Рыбаков, прихрамывая – у него нога была глубоко ранена в бою под Улясутаем, – подковылял, щурясь на яркое зимнее солнце, к палатке, где жили трое солдат: старик Михайло Еремин, бравый молодец Осип Фуфачев и иркутский казак Федор Крюков. Федора Крюкова Николай в особенности уважал. За то, что Федор был шибко грамоте учен и все писал, корпел в свободную минуточку над листами бумаги; он записывал в них, корявым языком, на дикой смеси церковнославянских словес и грубо-казацкого, староверского сибирского наречия, свою собственную Библию. «Я, Николка, желаю записать письменами все приключения нашего большого похода, как мы с бароном нашим через леса-степи шли… как красных воевали, как Ургу воевали… как бились под Читой… Ведь, разумею, всяк человек свою Библию пишет…» Рыбаков возражал: да ведь уж есть одна, большая да боговдохновенная, куда ж еще одну плодить!
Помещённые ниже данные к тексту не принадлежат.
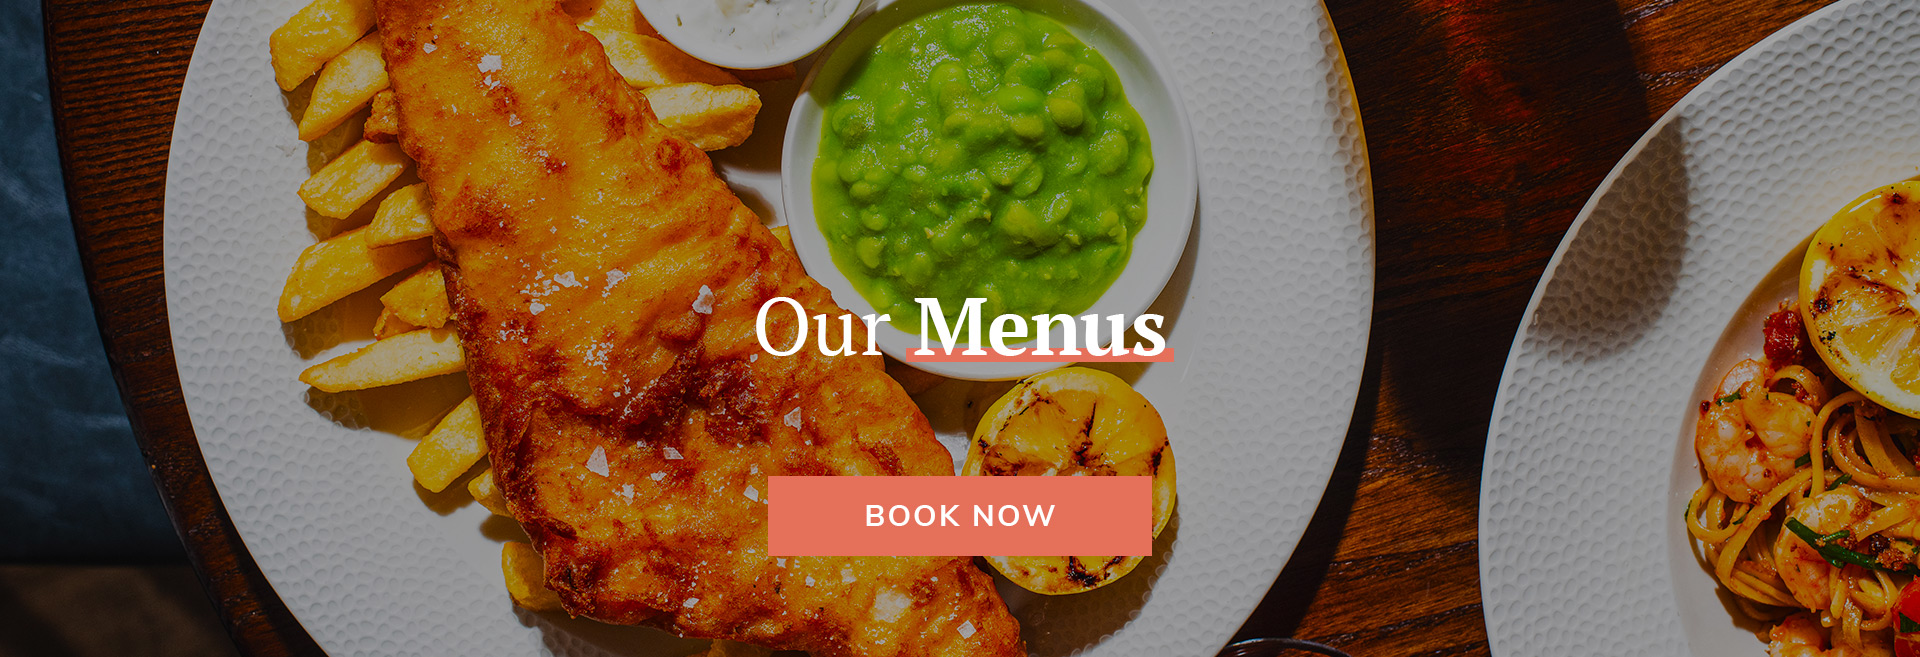 Book Now at The Maid Of Muswell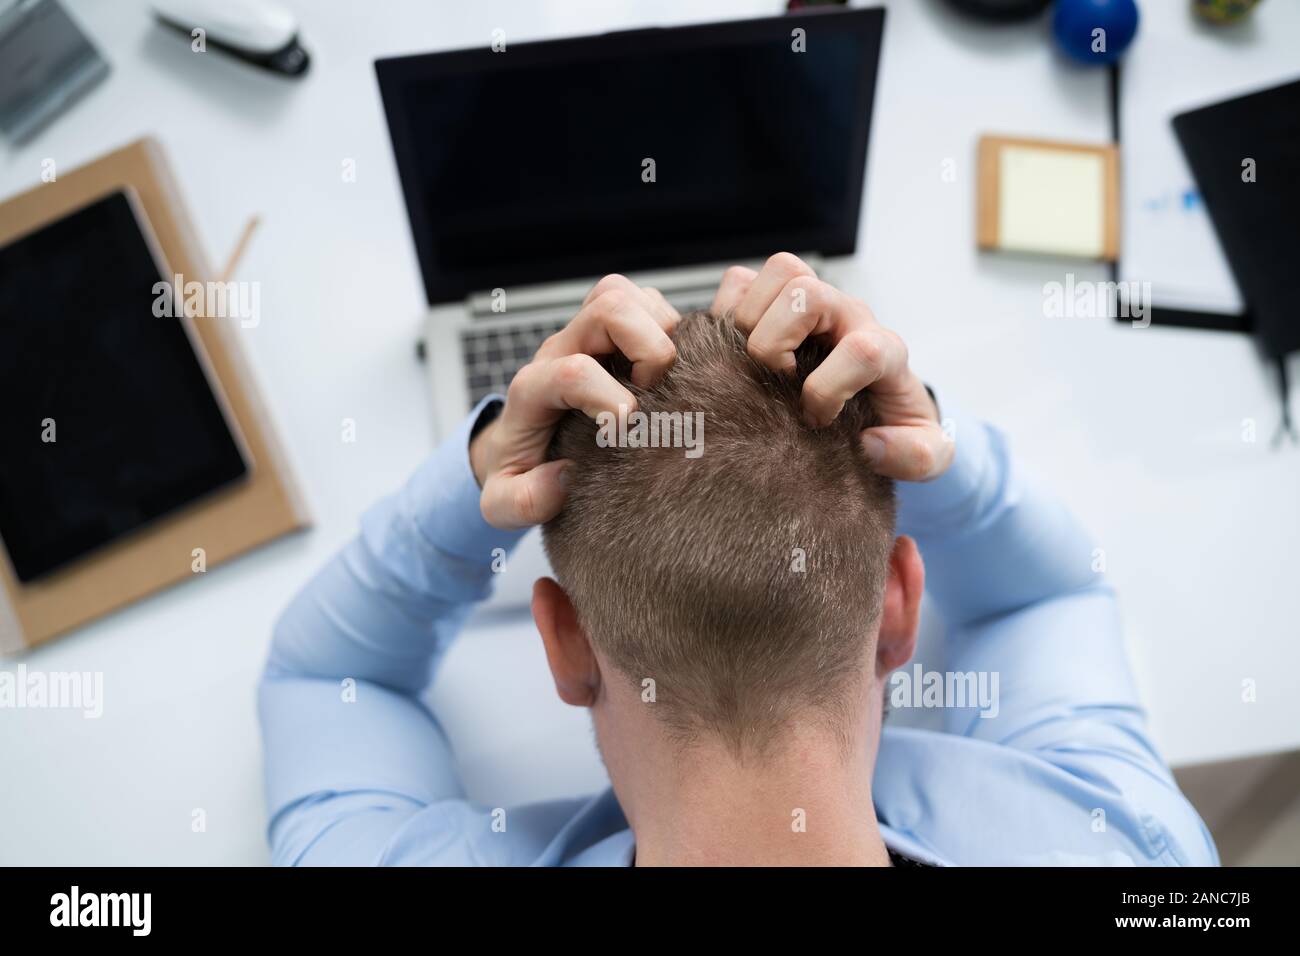 High Angle View Of Young Stressed Businessman In Front Of Laptop At Desk Stock Photo

Федор Крюков возражал: «Это ты брось, в каждом времячке, знаешь, свои Даниилы-пророки, свои евангелисты должны быть… Вон, у нас на Руси летописцы были, так плохо, что ли?..» А ты што ль, у нас тоже летописец аль пророк, шутил Рыбаков – и закручивал ловко «козью ножку» с крепкой, дерущей ноздри и рот маньчжурской махрой.
У палатки, щурясь, греясь на обманчивом зимнем солнышке, сидел в расстегнутой кацавейке старик Еремин, штопал гимнастерку, медленно вонзая сапожную длинную толстую иглу в потертую болотную ткань и медленно выдергивая нитку.
– Здорово живешь, Михал Палыч! Фуфачев-то тута?..
– Да ить давеча был тута, убег куды-то, пес разберет… Пошто он тебе сдался?.. Со мной побалакай…
– С тобой об этом несподручно, – Рыбаков помял загрубелыми пальцами бородатую щеку – засеребрилась бородка-то, он в осколке зеркала себя давеча увидал – да испугался: ну седой как лунь стал! – вздохнул тяжело. – У нас с Фуфачевым делишки завязались совместные. Он мне нужон. Слышь, Михал Палыч, – смущенно потупился казак, просительно, как-то по-собачьи вскинул глаза, – ты вот штопаешь… мне к рубахе пуговицы не пришпандоришь?.. да локотки бы подштопать…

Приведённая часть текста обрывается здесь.